The ambit of authority of the army
chief does not allow him to meddle with the country's internal politics.
Thus a proposal by General Jahangir Karamat for a National Security Council
over and above the PM and the Cabinet was not simply undemocratic but an
attempted assumption of executive authority under the illegal sanction
of military might. When this was pointed out, he like an officer and a
gentleman accepted his fault and asked for an early retirement. In his
words ''... a lesson for posterity''.
But the abuse of the trusteeship
of the armed forces of the country to make such a proposition and then
to disrupt the business of the country by implications of such statements
continued unabated. Things were not dissimilar when I dismissed Musharraf.
In his case it was basically a chain of events leading from Kargil that
made me resort to such action.
Q.: It has been said that had you
and Ms Bhutto learnt to live and let live, democratic politics would have
flourished and Pakistan would not have been under military rule...
A.: Rightwing political politics
was consolidated during General Zia's regime, aimed at checkmating PPP.
The consequence was a yawning gap between left and right-wingers. This
divide has played a somewhat negative role in the political arena. In the
final analysis it is the feeling of superiority of the army over civilians,
a legacy of the Raj, and the greed for power which goads the Army Chief
to usurp the government.
Q.: Did the Pakistan army sabotage
the Lahore Summit Process in 1999? What were the understandings reached
between your government and that of Mr Vajpayee?
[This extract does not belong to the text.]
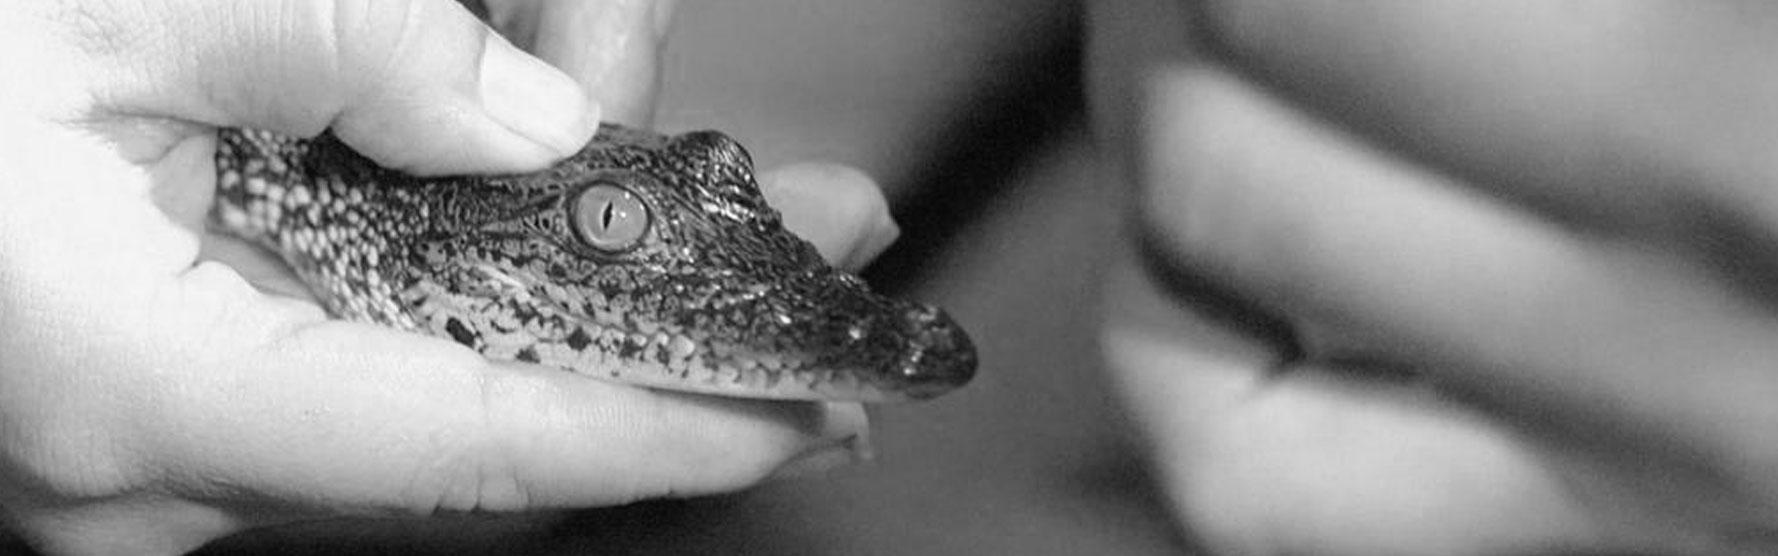 Going Wild: Crocodiles in Belize – Reptiles in Peril

Former ambassador Niaz
Naik has made some astonishing claims about a solution having been found
for Kashmir. Isn't it time you spoke as to what the Lahore process was
and what it wasn't?
A.: I can only say here that Mr
Vajpayee and myself had almost decided a deadline for a peaceful resolution
of the Kashmir dispute. Mr Vajpayee's visit to Lahore was a link in the
chain. Had it not been for Kargil whereby all our plans were sabotaged
the issue of Kashmir would have reached a historical resolution long ago.